(Records from a collection)
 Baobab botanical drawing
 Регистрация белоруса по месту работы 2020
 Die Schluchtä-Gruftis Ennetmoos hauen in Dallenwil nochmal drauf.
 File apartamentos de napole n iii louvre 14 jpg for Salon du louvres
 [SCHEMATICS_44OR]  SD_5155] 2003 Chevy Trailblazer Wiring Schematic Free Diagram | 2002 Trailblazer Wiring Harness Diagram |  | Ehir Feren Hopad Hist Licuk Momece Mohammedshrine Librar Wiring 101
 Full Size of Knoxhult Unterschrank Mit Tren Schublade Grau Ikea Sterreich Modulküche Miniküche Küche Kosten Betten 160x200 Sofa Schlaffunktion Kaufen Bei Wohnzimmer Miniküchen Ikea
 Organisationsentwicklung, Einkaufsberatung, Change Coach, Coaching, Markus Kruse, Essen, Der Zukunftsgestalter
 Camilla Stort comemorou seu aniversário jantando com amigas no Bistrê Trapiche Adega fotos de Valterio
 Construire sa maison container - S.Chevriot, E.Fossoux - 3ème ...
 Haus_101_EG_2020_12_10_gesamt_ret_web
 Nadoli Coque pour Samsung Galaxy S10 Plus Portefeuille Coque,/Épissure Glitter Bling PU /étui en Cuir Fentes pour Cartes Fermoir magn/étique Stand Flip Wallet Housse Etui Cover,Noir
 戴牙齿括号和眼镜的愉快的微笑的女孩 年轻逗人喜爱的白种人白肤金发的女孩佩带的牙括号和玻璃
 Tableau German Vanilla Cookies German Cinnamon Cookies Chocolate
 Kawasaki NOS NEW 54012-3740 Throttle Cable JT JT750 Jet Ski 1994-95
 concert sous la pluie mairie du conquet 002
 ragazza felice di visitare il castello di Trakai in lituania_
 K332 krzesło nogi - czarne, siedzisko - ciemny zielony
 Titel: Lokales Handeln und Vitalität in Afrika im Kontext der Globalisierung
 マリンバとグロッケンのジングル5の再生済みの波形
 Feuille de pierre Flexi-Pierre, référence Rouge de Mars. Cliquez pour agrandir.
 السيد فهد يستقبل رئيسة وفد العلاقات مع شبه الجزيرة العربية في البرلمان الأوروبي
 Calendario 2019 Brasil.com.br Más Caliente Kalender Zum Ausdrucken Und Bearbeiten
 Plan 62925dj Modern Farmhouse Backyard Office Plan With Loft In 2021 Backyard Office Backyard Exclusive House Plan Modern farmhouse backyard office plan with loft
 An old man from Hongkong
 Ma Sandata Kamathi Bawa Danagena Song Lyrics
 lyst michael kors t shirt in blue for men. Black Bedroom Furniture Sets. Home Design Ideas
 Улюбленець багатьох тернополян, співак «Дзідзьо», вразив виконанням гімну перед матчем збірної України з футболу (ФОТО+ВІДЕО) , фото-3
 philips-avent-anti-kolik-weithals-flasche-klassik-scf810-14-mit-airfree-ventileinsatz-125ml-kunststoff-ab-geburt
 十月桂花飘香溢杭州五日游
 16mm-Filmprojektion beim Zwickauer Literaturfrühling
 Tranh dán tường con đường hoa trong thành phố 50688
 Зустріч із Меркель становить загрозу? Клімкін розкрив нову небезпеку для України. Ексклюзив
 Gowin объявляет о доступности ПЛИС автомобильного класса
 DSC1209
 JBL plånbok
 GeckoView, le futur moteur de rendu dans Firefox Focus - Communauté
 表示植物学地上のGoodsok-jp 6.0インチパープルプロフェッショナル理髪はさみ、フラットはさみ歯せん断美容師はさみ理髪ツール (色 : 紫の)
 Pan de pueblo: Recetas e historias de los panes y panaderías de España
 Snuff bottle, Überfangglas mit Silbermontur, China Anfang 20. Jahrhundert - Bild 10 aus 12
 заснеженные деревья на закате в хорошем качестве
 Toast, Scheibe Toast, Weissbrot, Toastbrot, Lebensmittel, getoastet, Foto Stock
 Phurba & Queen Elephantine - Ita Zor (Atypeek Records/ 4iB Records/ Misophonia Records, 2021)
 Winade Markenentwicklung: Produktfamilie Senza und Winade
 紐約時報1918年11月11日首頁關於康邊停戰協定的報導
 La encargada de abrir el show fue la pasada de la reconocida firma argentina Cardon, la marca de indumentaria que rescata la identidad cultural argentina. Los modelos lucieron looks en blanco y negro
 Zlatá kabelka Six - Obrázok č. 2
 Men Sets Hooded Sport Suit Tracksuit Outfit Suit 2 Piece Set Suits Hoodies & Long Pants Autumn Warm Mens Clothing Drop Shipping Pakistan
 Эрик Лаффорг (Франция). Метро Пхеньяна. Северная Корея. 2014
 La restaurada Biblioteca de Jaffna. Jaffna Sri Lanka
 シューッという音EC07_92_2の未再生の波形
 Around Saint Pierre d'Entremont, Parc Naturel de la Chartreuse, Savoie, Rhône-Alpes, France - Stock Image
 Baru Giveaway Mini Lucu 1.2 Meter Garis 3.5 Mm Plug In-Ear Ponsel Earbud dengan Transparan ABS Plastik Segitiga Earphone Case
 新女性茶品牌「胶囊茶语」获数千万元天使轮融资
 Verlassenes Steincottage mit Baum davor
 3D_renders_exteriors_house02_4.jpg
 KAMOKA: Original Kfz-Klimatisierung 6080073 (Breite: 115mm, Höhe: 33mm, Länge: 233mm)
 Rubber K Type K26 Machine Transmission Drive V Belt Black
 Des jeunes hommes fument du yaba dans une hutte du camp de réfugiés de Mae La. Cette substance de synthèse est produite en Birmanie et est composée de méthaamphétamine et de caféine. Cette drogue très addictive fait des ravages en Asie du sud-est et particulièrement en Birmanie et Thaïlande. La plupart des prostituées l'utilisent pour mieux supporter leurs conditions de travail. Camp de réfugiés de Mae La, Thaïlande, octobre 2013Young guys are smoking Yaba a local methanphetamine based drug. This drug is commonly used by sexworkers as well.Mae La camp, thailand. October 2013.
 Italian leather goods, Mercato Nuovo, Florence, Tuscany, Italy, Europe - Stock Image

__Task item__: I'd like all of the entries written out again exactly as they appear above.

__Task solution__:
 Baobab botanical drawing
 Регистрация белоруса по месту работы 2020
 Die Schluchtä-Gruftis Ennetmoos hauen in Dallenwil nochmal drauf.
 File apartamentos de napole n iii louvre 14 jpg for Salon du louvres
 [SCHEMATICS_44OR]  SD_5155] 2003 Chevy Trailblazer Wiring Schematic Free Diagram | 2002 Trailblazer Wiring Harness Diagram |  | Ehir Feren Hopad Hist Licuk Momece Mohammedshrine Librar Wiring 101
 Full Size of Knoxhult Unterschrank Mit Tren Schublade Grau Ikea Sterreich Modulküche Miniküche Küche Kosten Betten 160x200 Sofa Schlaffunktion Kaufen Bei Wohnzimmer Miniküchen Ikea
 Organisationsentwicklung, Einkaufsberatung, Change Coach, Coaching, Markus Kruse, Essen, Der Zukunftsgestalter
 Camilla Stort comemorou seu aniversário jantando com amigas no Bistrê Trapiche Adega fotos de Valterio
 Construire sa maison container - S.Chevriot, E.Fossoux - 3ème ...
 Haus_101_EG_2020_12_10_gesamt_ret_web
 Nadoli Coque pour Samsung Galaxy S10 Plus Portefeuille Coque,/Épissure Glitter Bling PU /étui en Cuir Fentes pour Cartes Fermoir magn/étique Stand Flip Wallet Housse Etui Cover,Noir
 戴牙齿括号和眼镜的愉快的微笑的女孩 年轻逗人喜爱的白种人白肤金发的女孩佩带的牙括号和玻璃
 Tableau German Vanilla Cookies German Cinnamon Cookies Chocolate
 Kawasaki NOS NEW 54012-3740 Throttle Cable JT JT750 Jet Ski 1994-95
 concert sous la pluie mairie du conquet 002
 ragazza felice di visitare il castello di Trakai in lituania_
 K332 krzesło nogi - czarne, siedzisko - ciemny zielony
 Titel: Lokales Handeln und Vitalität in Afrika im Kontext der Globalisierung
 マリンバとグロッケンのジングル5の再生済みの波形
 Feuille de pierre Flexi-Pierre, référence Rouge de Mars. Cliquez pour agrandir.
 السيد فهد يستقبل رئيسة وفد العلاقات مع شبه الجزيرة العربية في البرلمان الأوروبي
 Calendario 2019 Brasil.com.br Más Caliente Kalender Zum Ausdrucken Und Bearbeiten
 Plan 62925dj Modern Farmhouse Backyard Office Plan With Loft In 2021 Backyard Office Backyard Exclusive House Plan Modern farmhouse backyard office plan with loft
 An old man from Hongkong
 Ma Sandata Kamathi Bawa Danagena Song Lyrics
 lyst michael kors t shirt in blue for men. Black Bedroom Furniture Sets. Home Design Ideas
 Улюбленець багатьох тернополян, співак «Дзідзьо», вразив виконанням гімну перед матчем збірної України з футболу (ФОТО+ВІДЕО) , фото-3
 philips-avent-anti-kolik-weithals-flasche-klassik-scf810-14-mit-airfree-ventileinsatz-125ml-kunststoff-ab-geburt
 十月桂花飘香溢杭州五日游
 16mm-Filmprojektion beim Zwickauer Literaturfrühling
 Tranh dán tường con đường hoa trong thành phố 50688
 Зустріч із Меркель становить загрозу? Клімкін розкрив нову небезпеку для України. Ексклюзив
 Gowin объявляет о доступности ПЛИС автомобильного класса
 DSC1209
 JBL plånbok
 GeckoView, le futur moteur de rendu dans Firefox Focus - Communauté
 表示植物学地上のGoodsok-jp 6.0インチパープルプロフェッショナル理髪はさみ、フラットはさみ歯せん断美容師はさみ理髪ツール (色 : 紫の)
 Pan de pueblo: Recetas e historias de los panes y panaderías de España
 Snuff bottle, Überfangglas mit Silbermontur, China Anfang 20. Jahrhundert - Bild 10 aus 12
 заснеженные деревья на закате в хорошем качестве
 Toast, Scheibe Toast, Weissbrot, Toastbrot, Lebensmittel, getoastet, Foto Stock
 Phurba & Queen Elephantine - Ita Zor (Atypeek Records/ 4iB Records/ Misophonia Records, 2021)
 Winade Markenentwicklung: Produktfamilie Senza und Winade
 紐約時報1918年11月11日首頁關於康邊停戰協定的報導
 La encargada de abrir el show fue la pasada de la reconocida firma argentina Cardon, la marca de indumentaria que rescata la identidad cultural argentina. Los modelos lucieron looks en blanco y negro
 Zlatá kabelka Six - Obrázok č. 2
 Men Sets Hooded Sport Suit Tracksuit Outfit Suit 2 Piece Set Suits Hoodies & Long Pants Autumn Warm Mens Clothing Drop Shipping Pakistan
 Эрик Лаффорг (Франция). Метро Пхеньяна. Северная Корея. 2014
 La restaurada Biblioteca de Jaffna. Jaffna Sri Lanka
 シューッという音EC07_92_2の未再生の波形
 Around Saint Pierre d'Entremont, Parc Naturel de la Chartreuse, Savoie, Rhône-Alpes, France - Stock Image
 Baru Giveaway Mini Lucu 1.2 Meter Garis 3.5 Mm Plug In-Ear Ponsel Earbud dengan Transparan ABS Plastik Segitiga Earphone Case
 新女性茶品牌「胶囊茶语」获数千万元天使轮融资
 Verlassenes Steincottage mit Baum davor
 3D_renders_exteriors_house02_4.jpg
 KAMOKA: Original Kfz-Klimatisierung 6080073 (Breite: 115mm, Höhe: 33mm, Länge: 233mm)
 Rubber K Type K26 Machine Transmission Drive V Belt Black
 Des jeunes hommes fument du yaba dans une hutte du camp de réfugiés de Mae La. Cette substance de synthèse est produite en Birmanie et est composée de méthaamphétamine et de caféine. Cette drogue très addictive fait des ravages en Asie du sud-est et particulièrement en Birmanie et Thaïlande. La plupart des prostituées l'utilisent pour mieux supporter leurs conditions de travail. Camp de réfugiés de Mae La, Thaïlande, octobre 2013Young guys are smoking Yaba a local methanphetamine based drug. This drug is commonly used by sexworkers as well.Mae La camp, thailand. October 2013.
 Italian leather goods, Mercato Nuovo, Florence, Tuscany, Italy, Europe - Stock Image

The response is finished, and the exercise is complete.